I Participants believed that the study was about the science of physiological
recordings and was focused on how placement of electrocardiography
electrodes above and below the heart could influence data collection.
I Participants’ bodies were posed by an experimenter into high-power or
low-power poses. Each participant held two poses for 1 min each.
I Participants’ risk taking was measured with a gambling task; feelings of
power were measured with self-reports.
I Saliva samples, which were used to test cortisol and testosterone levels, were
taken before and approximately 17 min after the power-pose manipulation.
Can power poses significantly change outcomes in your life?
Study results (Carney et al. (2010)):
As hypothesized, high-power poses caused an increase in testosterone
compared with low-power poses, which caused a decrease in testosterone,
F(1, 39) = 4.29, p < .05; r = .34. Also as hypothesized, high-power
poses caused a decrease in cortisol compared with low-power poses,
which caused an increase in cortisol, F(1, 38) = 7.45, p < .02; r = .43
Can power poses significantly change outcomes in your life?
I The study was replicated by Ranehill et al. (2015)
I An initial power analysis based on the effect sizes in Carney et al. (power =
0.8, α = .05) indicated that a sample size of 100 participants would be
suitable.
library(pwr)
pwr.t.test(d=0.6,power = 0.8)
Two-sample t test power calculation
n = 44.58577
d = 0.6
sig.level = 0.05
power = 0.8
alternative = two.sided
NOTE: n is number in *each* group
Can power poses significantly change outcomes in your life?
I Ranehill et al. study used a sample of 200 participants to increase reliability.
I This study found none of the significant differences found in Carney et al.’s
study.
I The replication study obtained very precise estimates of the effects.
I What happened?
Can power poses significantly change outcomes in your life?
I Sampling theory predicts that the variation between samples is proportional
to 1√n .I In small samples we can expect variability.
I Many researchers often expect that these samples will be more similar than
sampling theory predicts.
Study replication
Suppose that you have run an experiment on 20 subjects, and have obtained a
significant result from a two-sided z-test (H0 : µ = 0 vs.H1 : µ 6= 0) which
confirms your theory (z = 2.23, p < 0.05, two-tailed). The researcher is
planning to run the same experiment on an additional 10 subjects.
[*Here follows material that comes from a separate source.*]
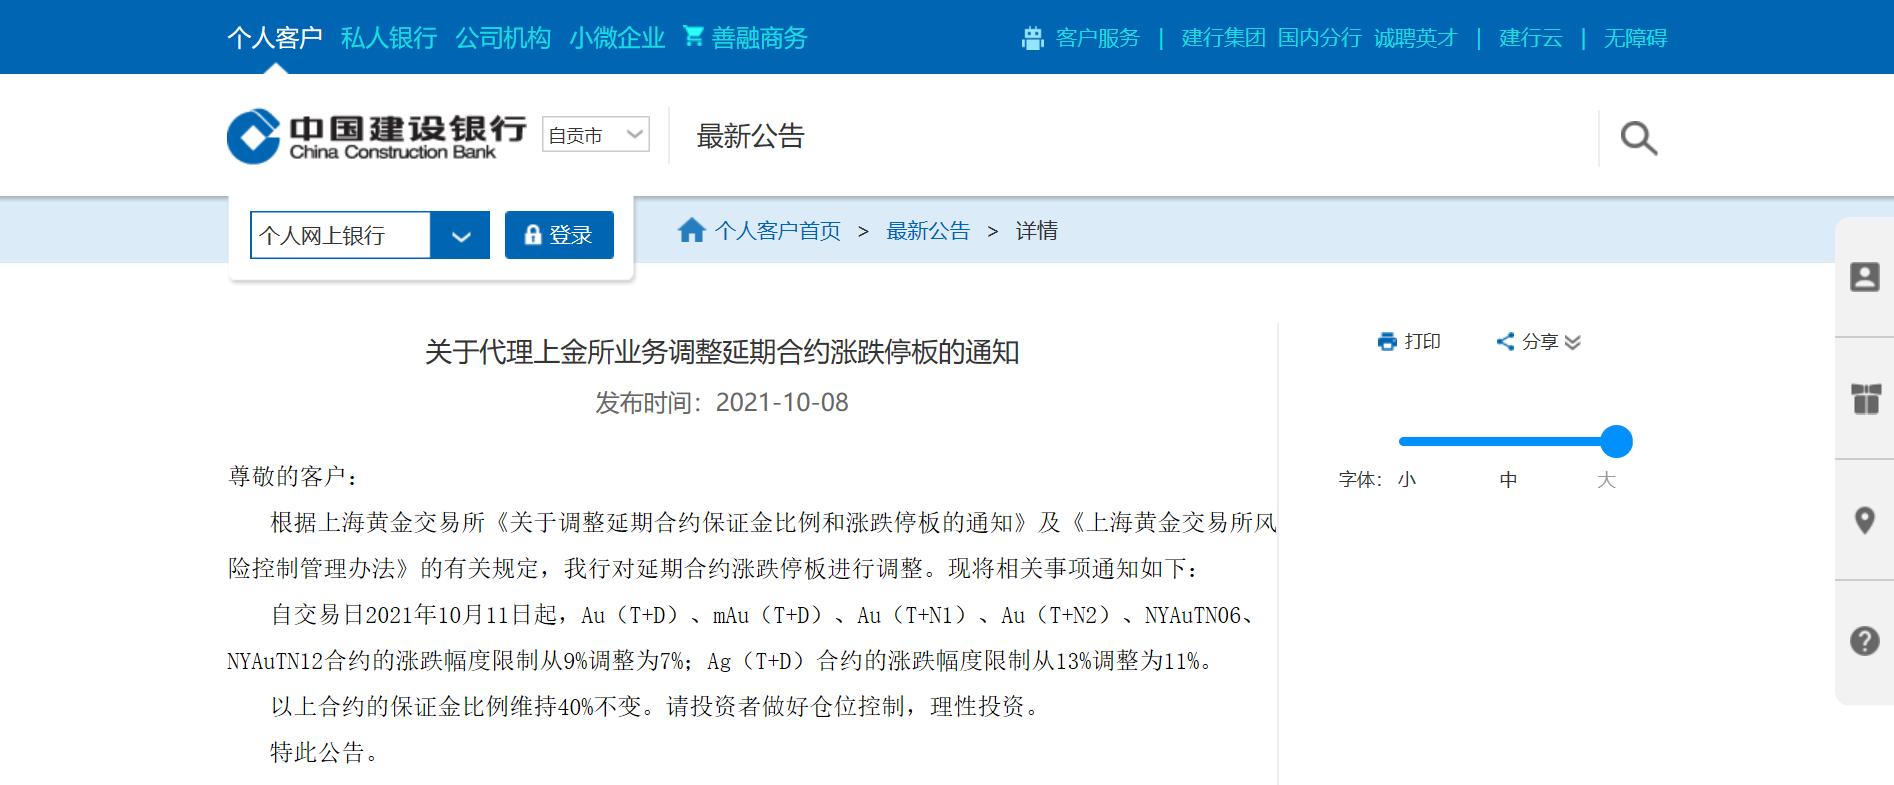 天游平台注册地址中国建设银行发布重要通知!
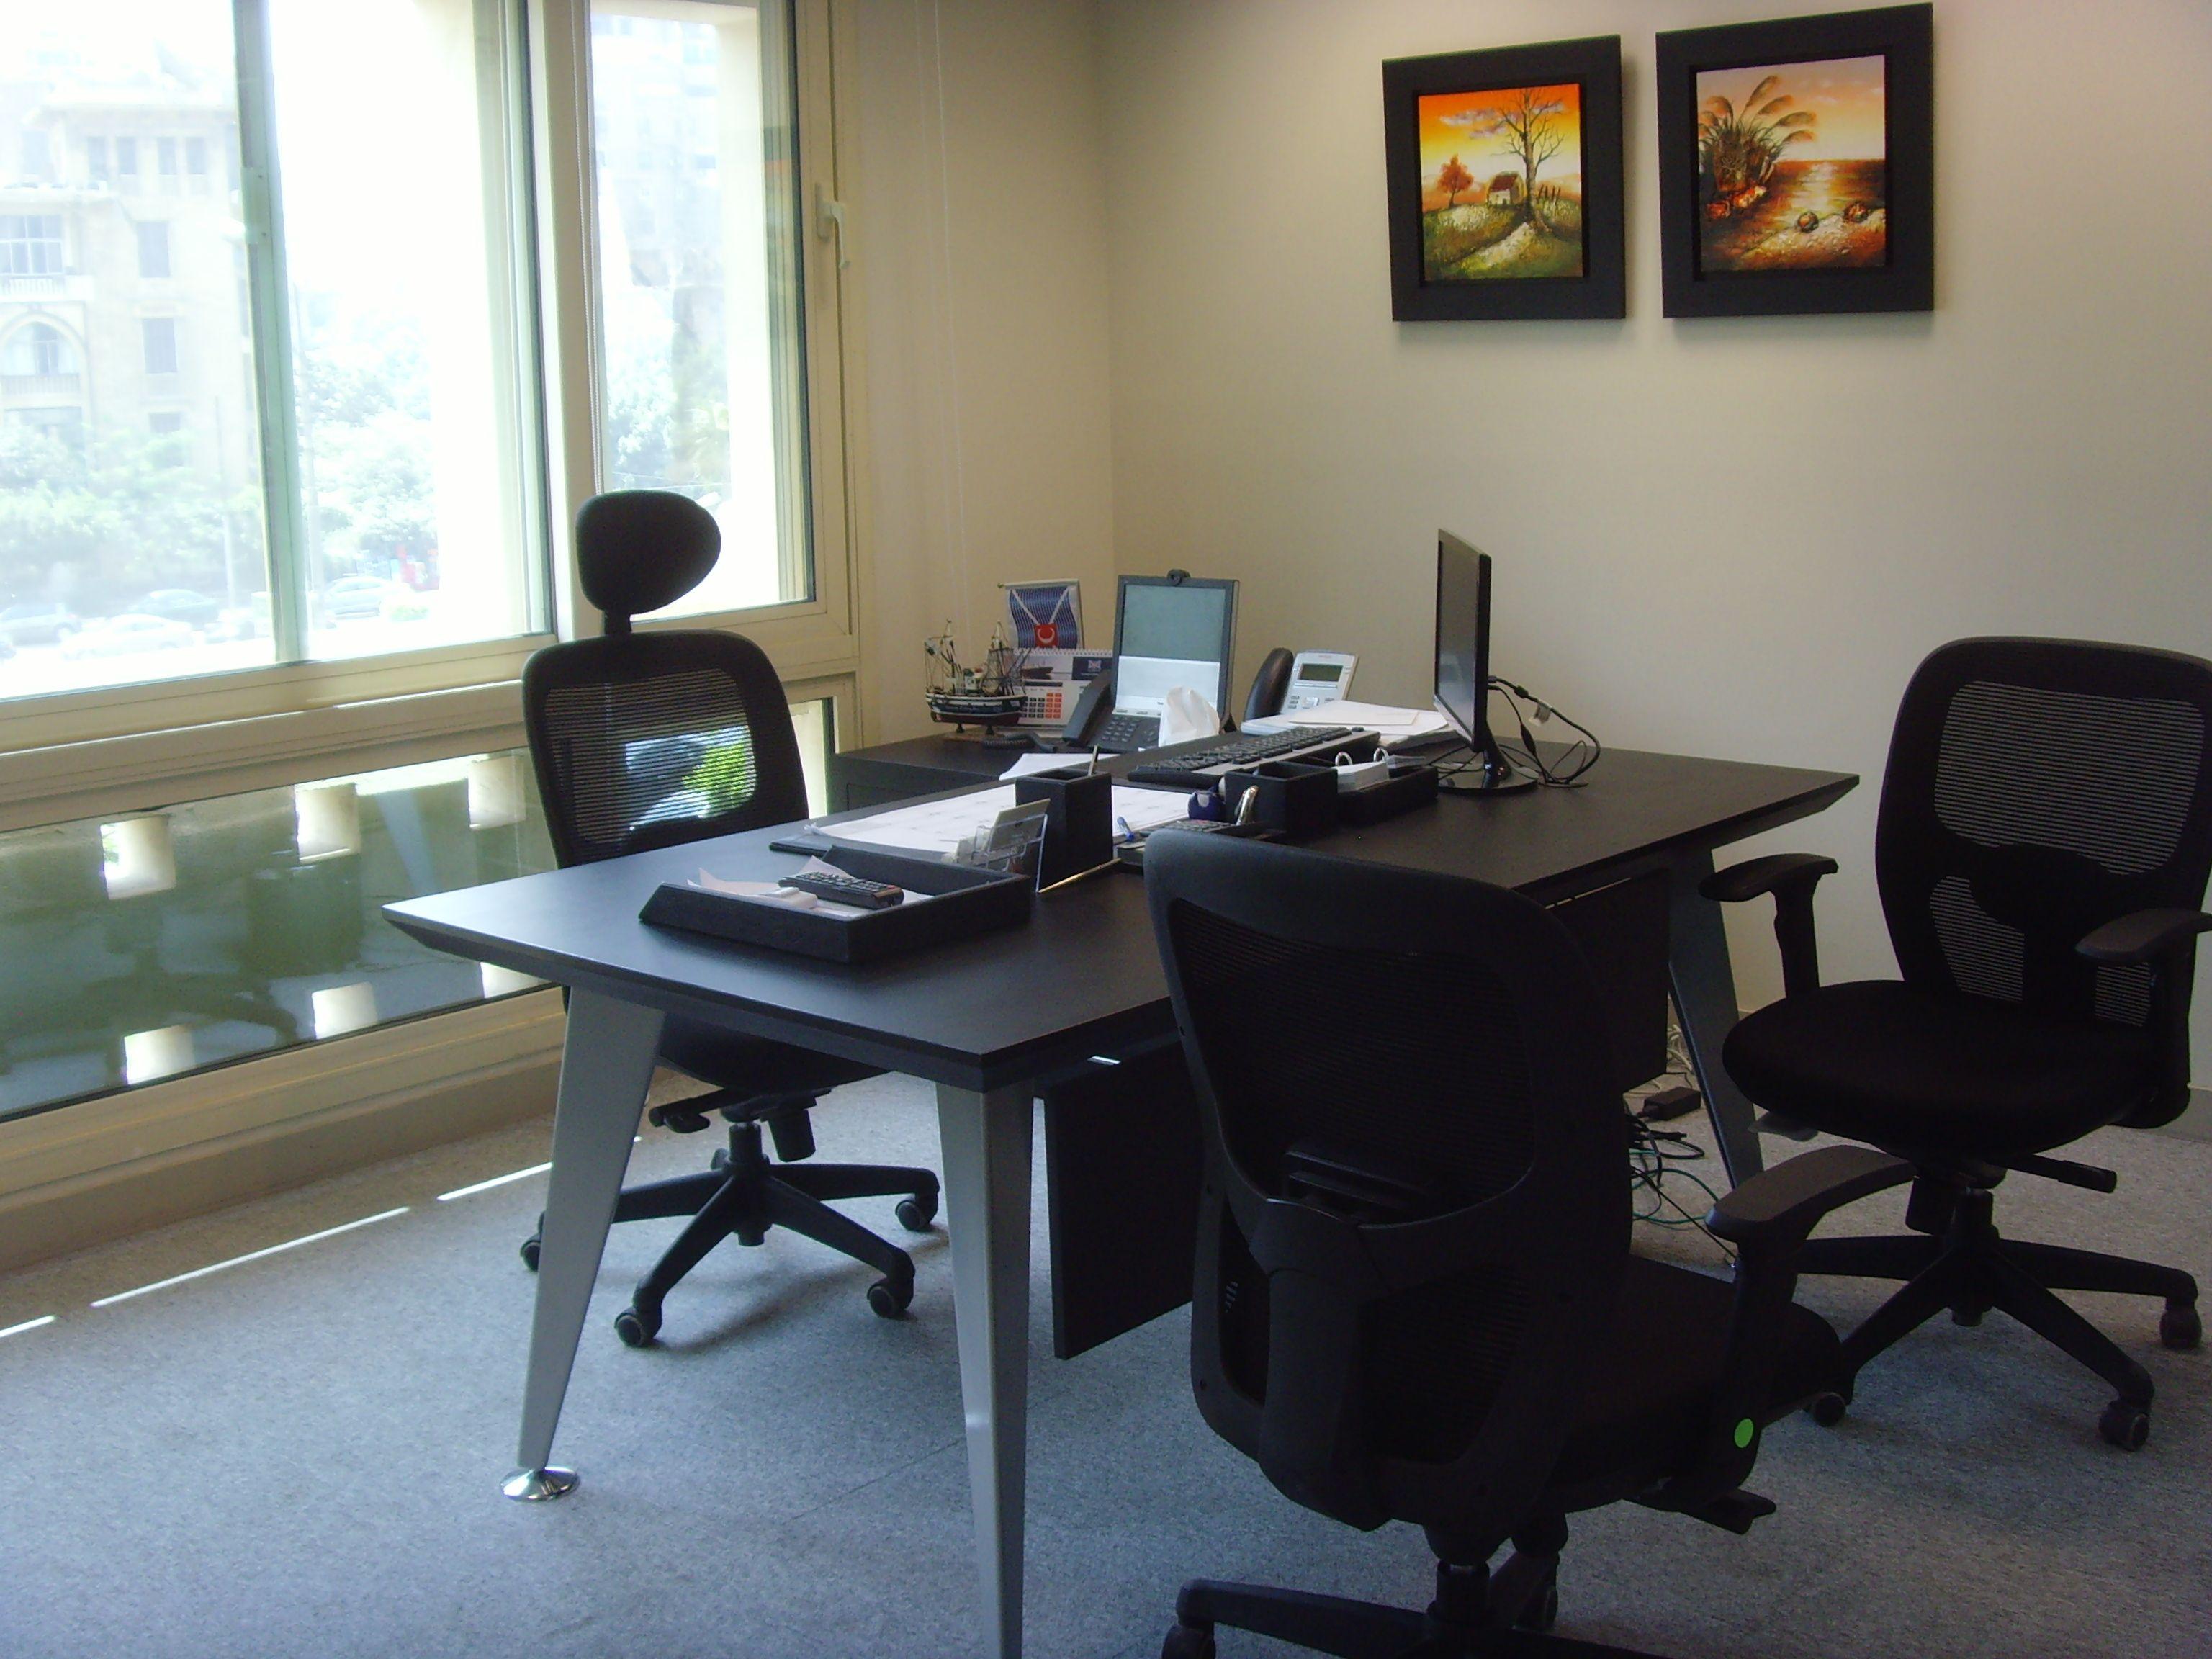 Private Office Furniture Home Decor

What is the
probability that the results will be significant at the 5% level by a one-tailed test
(H1 : µ > 0), separately for this group?
Week 4 Outline
I Power and Sample size formulae: Two-sample proportions
Comparing Proportions for Binary Outcomes
I In many clinical trials, the primary endpoint is dichotomous, for example,
whether a patient has responded to the treatment, or whether a patient has
experienced toxicity.
I Consider a two-arm randomized trial with binary outcomes. Let p1 denote
the response rate of the experimental drug, p2 as that of the standard drug,
and the difference is θ = p1 - p2.
Comparing Proportions for Binary Outcomes
Let Yik be the binary outcome for subject i in arm k; that is,
Yik =
{
1 with probability pk
0 with probability 1− pk ,
for i = 1, ..., nk and k = 1, 2. The sum of independent and identically distributed
Bernoulli random variables has a binomial distribution,
nk∑
i=1
Yik ∼ Bin(nk , pk), k = 1, 2.
(Yin, pg. 173-174)
Comparing Proportions for Binary Outcomes
The sample proportion for group k is
pˆk = Y¯k = (1/nk)
nk∑
i=1
Yik , k = 1, 2,
and E
(
Y¯k
)
= pk and Var
(
Y¯k
)
= pk (1−pk )nk .
The goal of the clinical trial is to determine if there is a difference between the
two groups using a binary endpoint. That is, we want to test H0 : θ = 0 versus
H0 : θ 6= 0.
The test statistic (assuming that H0 is true) is:
T = pˆ1 − pˆ2√
p1(1− p1)/n1 + p2(1− p2)/n2
∼ N(0, 1),
Comparing Proportions for Binary Outcomes
The test rejects at level α if and only if
|T | ≥ zα/2.
Using the same argument as the case with continuous endpoints and ignoring
terms smaller than α/2 we can solve for β
β ≈ Φ
(
zα/2 − |θ1|√
p1(1− p1)/n1 + p2(1− p2)/n2
)
.
Comparing Proportions for Binary Outcomes
Using this formula to solve for sample size. If n1 = r · n2 then
n2 =
(
zα/2 + zβ
)2
θ2
(p1(1− p1)/r + p2(1− p2)) .
Comparing Proportions for Binary Outcomes
I The built-in R function power.prop.test() can be used to calculate
sample size or power.
I For example suppose that the standard treatment for a disease has a
response rate of 20%, and an experimental treatment is anticipated to have
a response rate of 28%.
I The researchers want both arms to have an equal number of subjects. How
many patients should be enrolled if the study will conduct a two-sided test
at the 5% level with 80% power?
power.prop.test(p1 = 0.2,p2 = 0.25,power = 0.8)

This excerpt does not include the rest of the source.